Seulement six années-lumière, L'étoile de Barnard se déplace dans le ciel nocturne de la Terre plus vite que toute autre étoile. Ce nain rouge, plus petit et plus que notre Soleil, est parmi naine rouge moins active connue, il est ainsi ce qui représente une cible idéale pour la recherche d'exoplanètes. Maintenant, Une équipe internationale de chercheurs a trouvé une super-Terre en orbite autour de l'étoile froide Barnard, le deuxième système le plus proche étoile sur Terre. Est la première fois que des astronomes ont découvert ces exoplaneta selon la méthode de la vitesse radiale. Les résultats, CARMENES obtenus avec les instruments de l'Observatoire de Calar Alto, Ils ont publié dans la revue La nature.

« Après une analyse approfondie, nous sommes sûrs de 99% que la planète est là, puisque c'est le modèle qui correspond le mieux à nos observations ", dit chef de l'étude, Ignasi Ribas, chercheur SCCI à l'Institut des sciences spatiales et l'Institut d'études spatiales de la Catalogne. "Cependant, nous devons être prudents et de recueillir plus de données pour confirmer la conclusion, parce que les variations naturelles de luminosité causées par les taches solaires étoiles pourraient produire des effets similaires à la détection ".

Une subtile ESTELAR WADE

Le vacillement subtile de l'étoile a attiré l'attention des astronomes longs. À partir de 1997 Plusieurs instruments ont incorporé un grand nombre de mesures sur le mouvement oscillatoire. Une analyse des 2015 Wade a suggéré que cela pourrait être causé par une planète avec une période orbitale d'environ deux cent trente jours. Mais plusieurs mesures sont nécessaires.

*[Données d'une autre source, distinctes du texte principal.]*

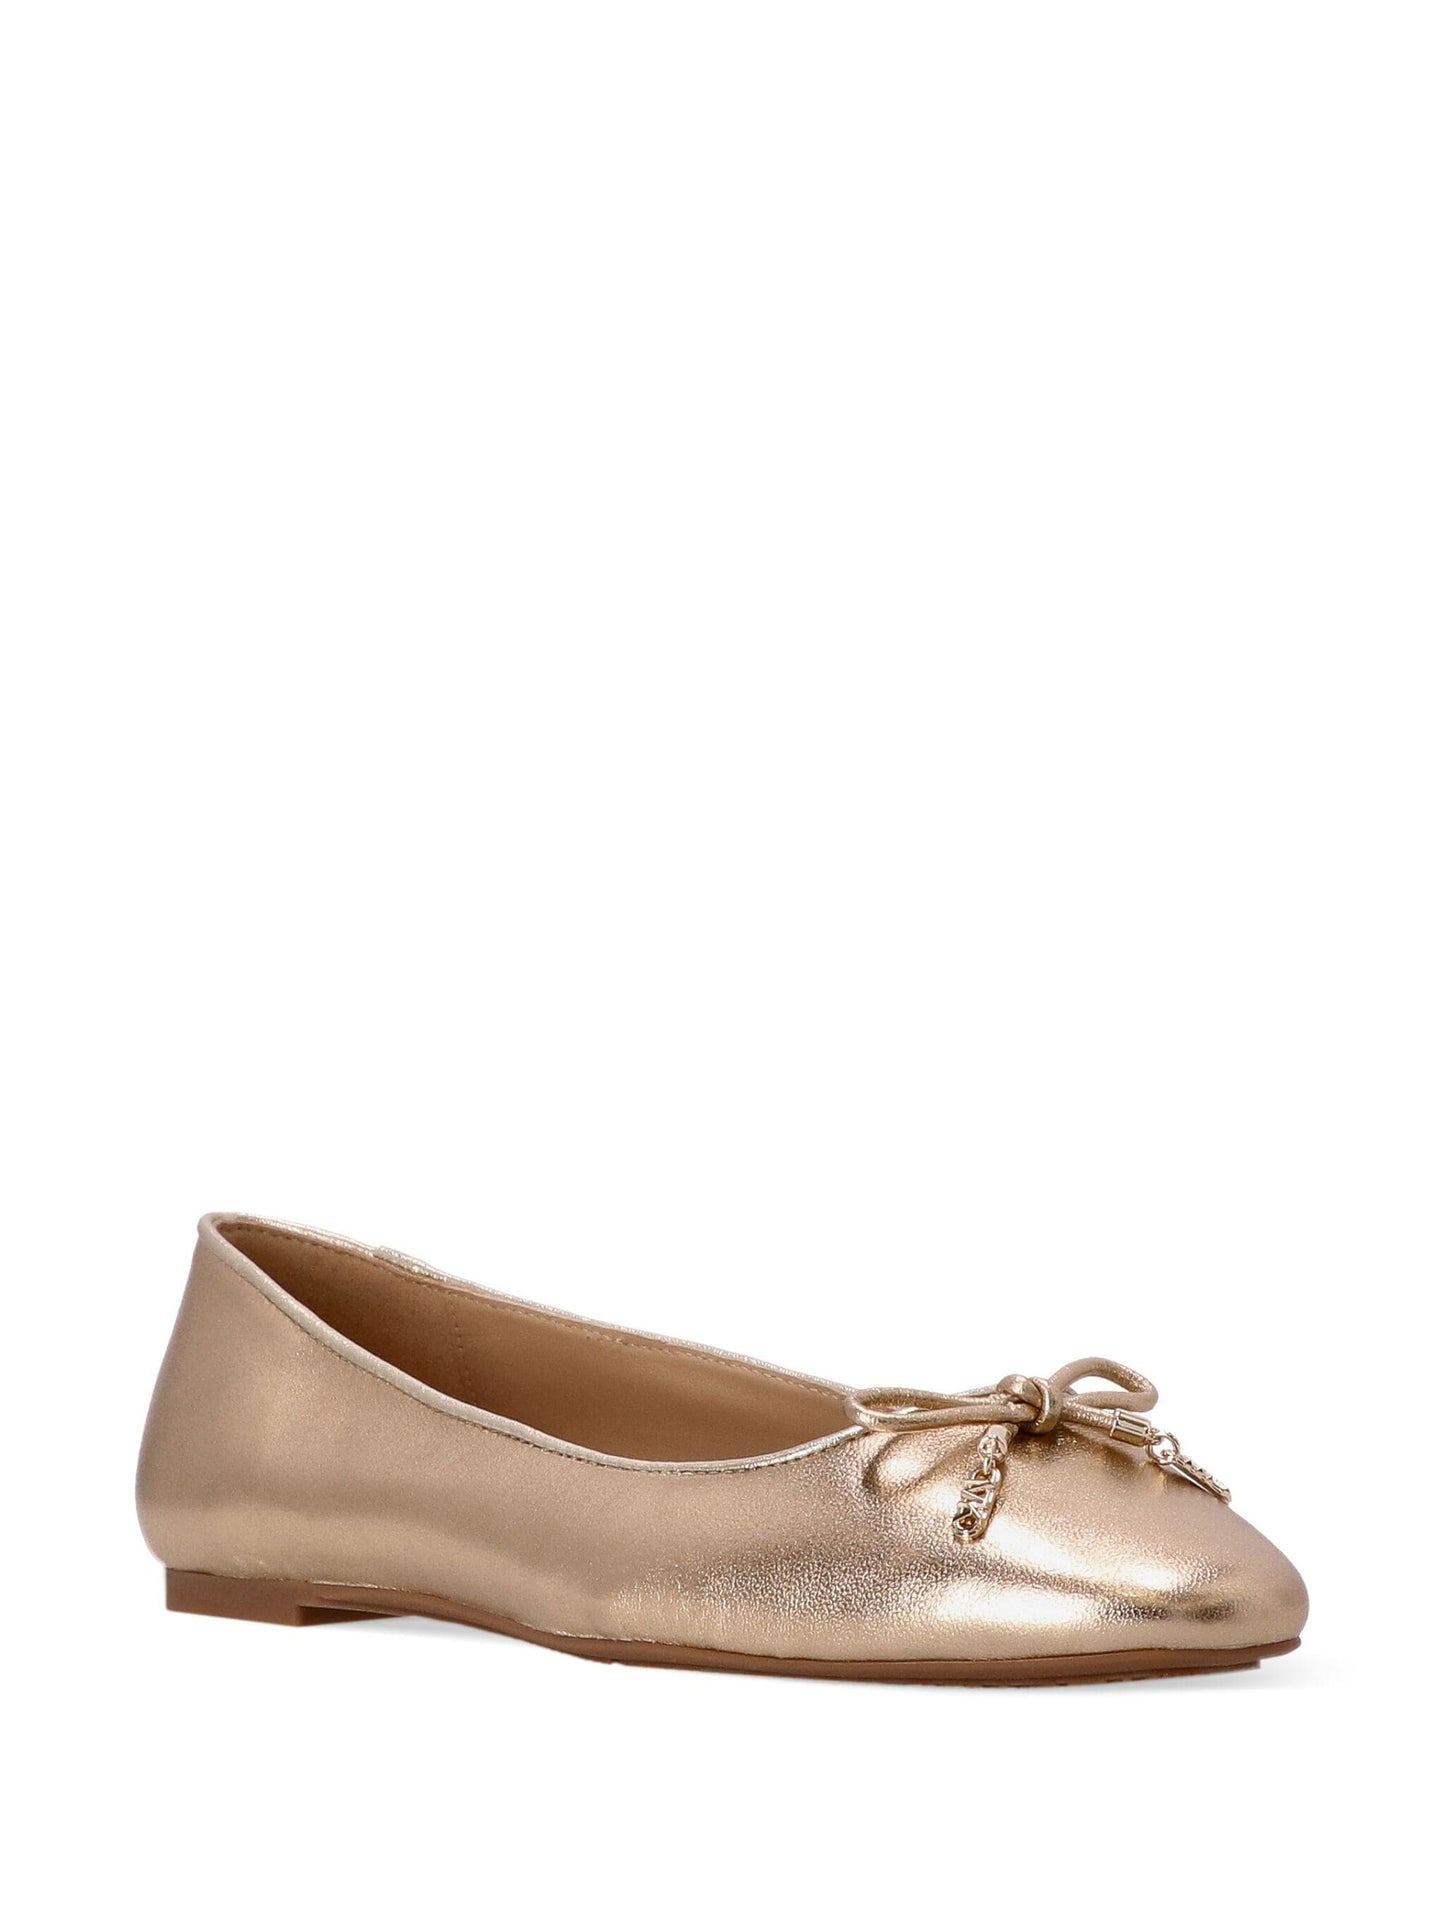 MICHAEL KORS Nori Gold Ballet Flat Shoe

Essayer de confirmer l'hypothèse, les astronomes ont observé régulièrement l'étoile de Barnard par spectromètres de haute précision CARMENES, à l'Observatoire de Calar Alto. La technique consiste à utiliser l'effet doppler sur starlight pour mesurer la vitesse d'un objet dans notre ligne de mire change au fil du temps.

« Avec la méthode des vitesses radiales, spectromètres sont utilisés pour mesurer avec précision l'effet doppler. Lorsqu'un objet se éloigne de nous, la lumière que nous observons devient un peu moins énergique et plus rouge. Au contraire, quand l'étoile se rapproche de nous, la lumière devient plus énergique et bleu ", ribas dit.

« Réanalyse toutes les mesures combinées, Il est apparu un signal clair sur une période de deux cents 33 jours. Ce signal signifie que l'étoile de Barnard approche et éloignent de nous à environ 1.2 mètres par seconde, à peu près la vitesse d'une personne qui marche- et la meilleure explication de ce phénomène est que la planète est en orbite autour de l'étoile ", ribas dit.

La planète candidat, étoile appelée Barnard b (il GJ 699 b), est un super-Terre avec un minimum 3,2 émergées. Tourne autour de son étoile rouge tous les deux cents 33 jours près de la limite des neiges, une distance à laquelle l'eau gèle. atmosphère manquant, il est probable que sa température est -170, ce qui rend peu probable que la planète peut avoir de l'eau liquide à la surface.

« Pas exoplanet si petit et si loin de son étoile avait déjà découvert par la technique de doppler », ribas dit. Cela signifie que les astronomes obtiennent mieux à trouver et explorer un type de planètes relativement nouveau à l'extérieur du système solaire.

« Nous avons travaillé très dur pour obtenir ce résultat », La recherche indique Guillem Anglada-Escudé, Queen Mary University of London, et co-directeur de l'étude. « Ceci est le résultat d'une collaboration organisée dans le cadre du projet des points rouges, collaborations réunissant des équipes de partout dans le monde, y compris les astronomes semi-professionnels coordonnés par l'AAVSO ", ajoute.

Cristina Rodriguez-Lopez, chercheur à l'Institut d'astrophysique d'Andalousie (IAA, SCCI) et co-auteur de l'étude, Il estime que « cette découverte signifie un coup de pouce pour poursuivre la recherche d'exoplanètes en orbite autour de nos voisins stellaires, en espérant que finalement trouver un qui a les bonnes conditions pour soutenir la vie ".

L'Observatoire astronomique hispano-allemand de Calar Alto est situé dans la Sierra de Los Filabres, Almería Nord (Andalousie, Espagne). Il est géré conjointement par le Institut Max-Planck pour l'astronomie une Heidelberg, Allemagne, et Institut d'Astrophysique d'Andalousie (SCCI) à Grenade, Espagne. L'observatoire est un Singular scientifique Infrastructure technique (ICTS / MINECO) qui il a quatre télescopes 3.5, 2.2, 1.23 et 0,8 mètre ouverture.